Electrode placement:

  • For stimulation of anterior compartment muscles, including the tibialis anterior and the extensor digitorum longus muscle, place the electrodes directly over (surface electrodes) or subcutaneously either side (needle electrodes) of the animal’s deep fibular nerve, which is a distal branch off of the common peroneal nerve. Alternatively the common peroneal nerve can also be stimulated.
  • For stimulation of the posterior compartment muscles, including the gastrocnemius, soleus and plantaris muscles place the electrodes directly over (surface electrodes) or subcutaneously (needle electrodes) either side of the animal’s sciatic nerve. The tibial nerve can also be stimulated. In some circumstances and where possible (terminal experiments), it may also be useful to sever the common peroneal nerve to prevent recruitment of the anterior muscles
  • Optimisation of the position of the electrodes should be ascertained for every experiment to ensure that the desired muscles are stimulated and the maximum isometric twitch torque is achieved. Once the optimal position of the electrodes is ascertained the electrodes should be securely kept in place.

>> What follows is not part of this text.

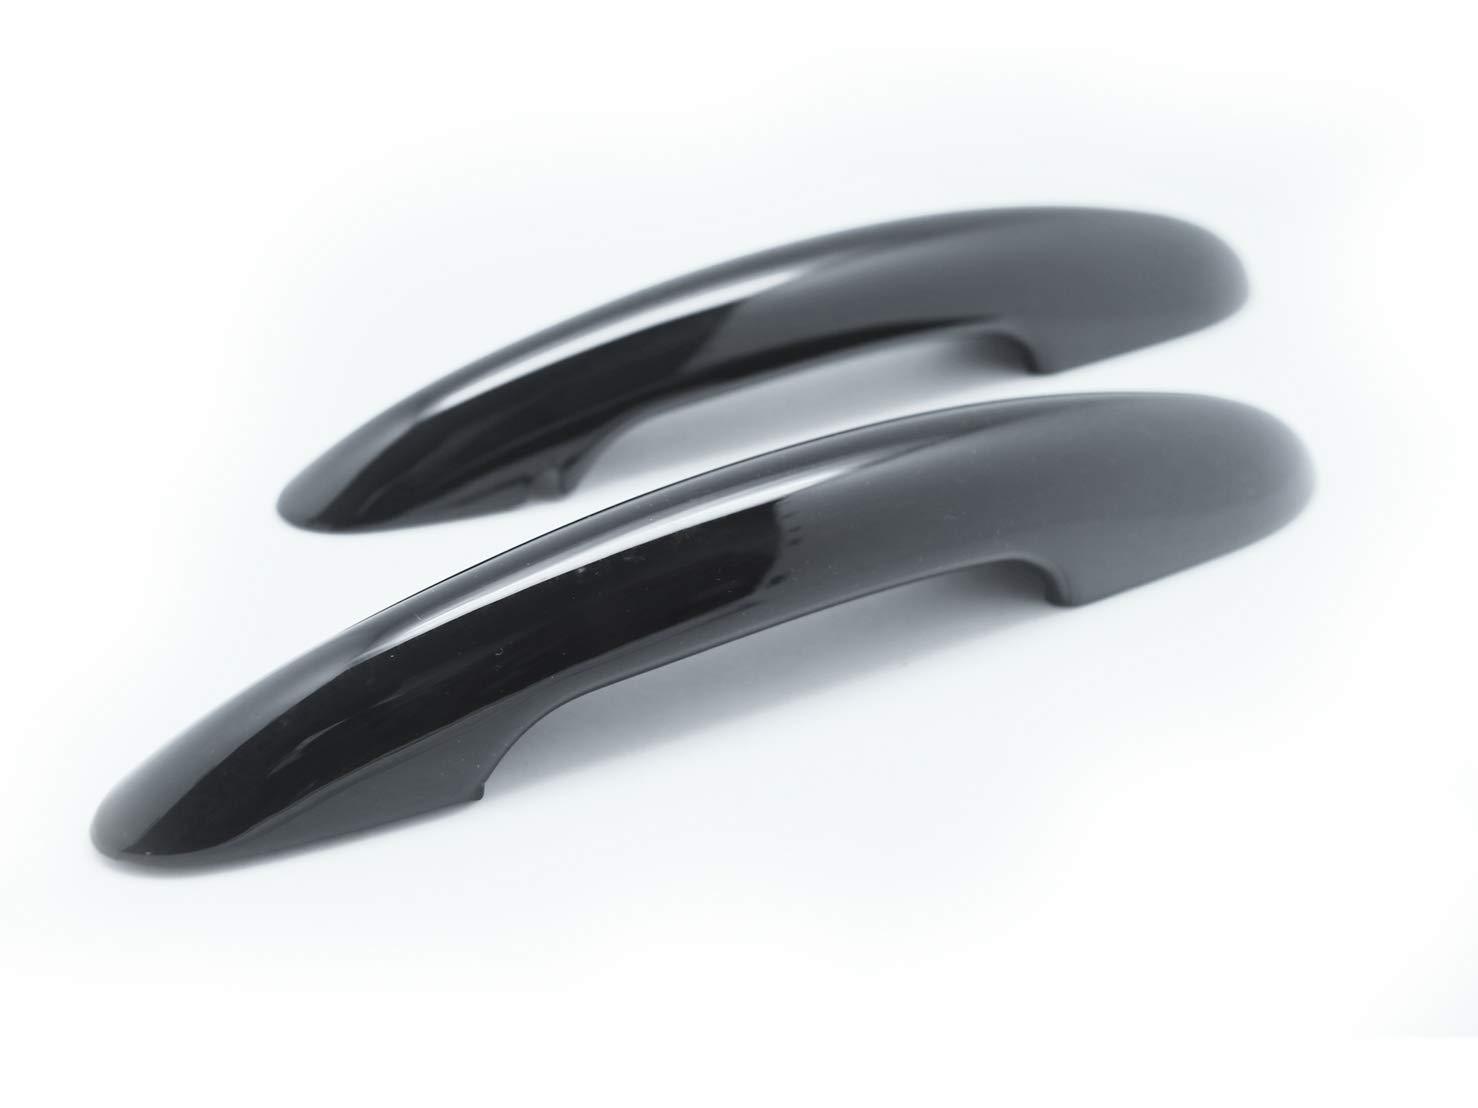 BLACK GLOSSY DOOR HANDLE COVER Fits F54 F55 F56 F58 F59 2 CarLab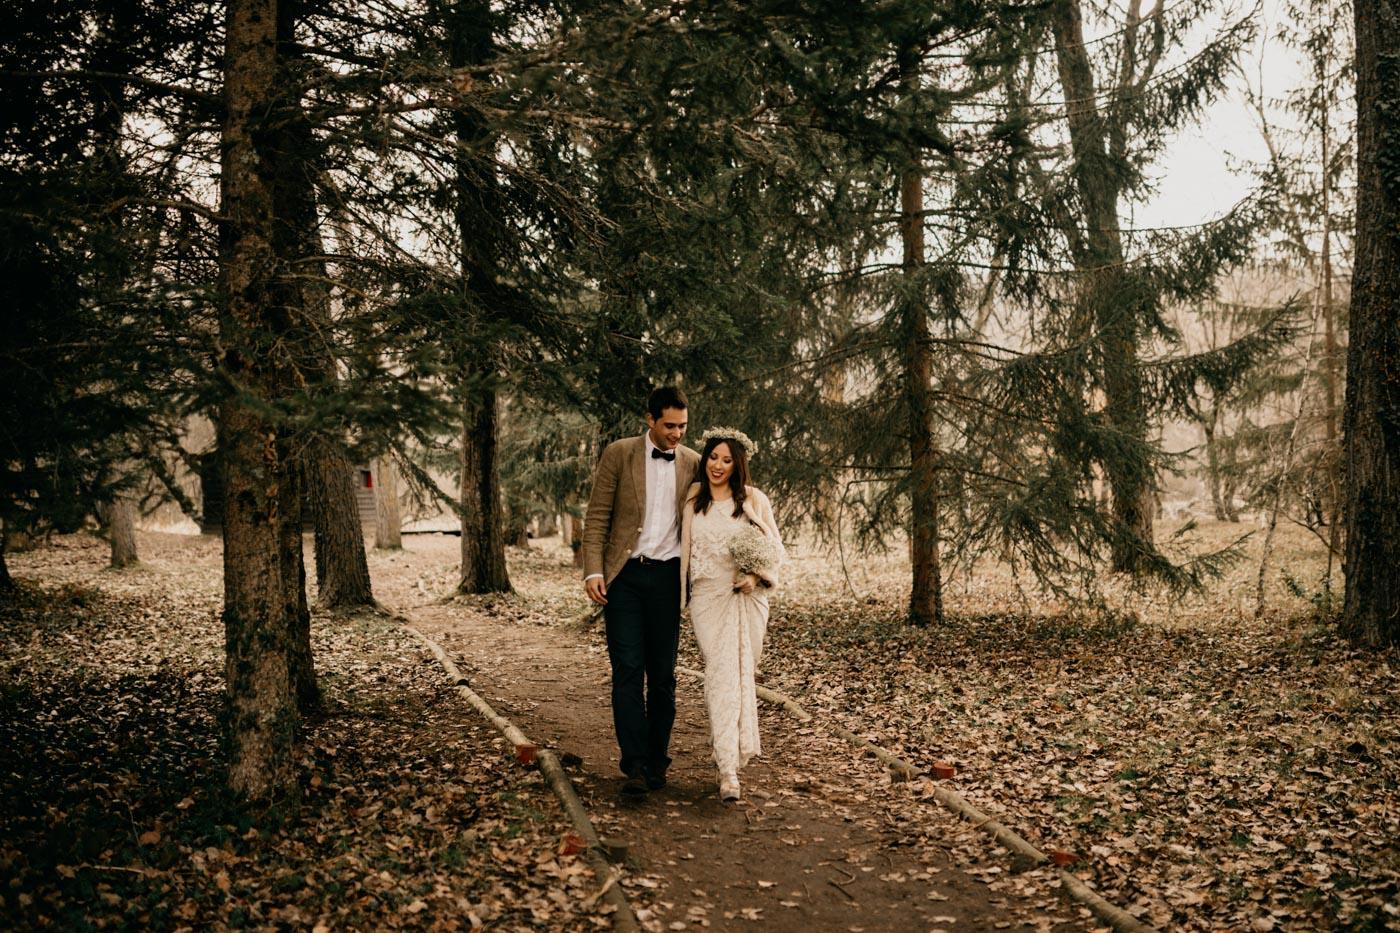 Velvet-Hush-fotografos-boda-al-aire-libre-madrid-098

As with isolated and in-situ muscle experiments, the stimulation voltage/current should be optimized to obtain peak isometric torque before an experiment is performed. Unlike ex-vivo and in-situ experiments the muscle and tendon is still completely attached to the limb of the animal and therefore optimal resting length does not have to be ascertained for each experiment. However, optimal position of the leg with respect to the angle of the knee/leg should be determined. A 90 degree angle is an appropriate place to start.

The experimental protocol can now be performed. The animal should be regularly checked for response to stimulation in order to ensure the anesthetic level is sufficient. The anesthesia should be adjusted as needed. Once the protocol is finished the animal can be removed from anesthesia and allowed to recover.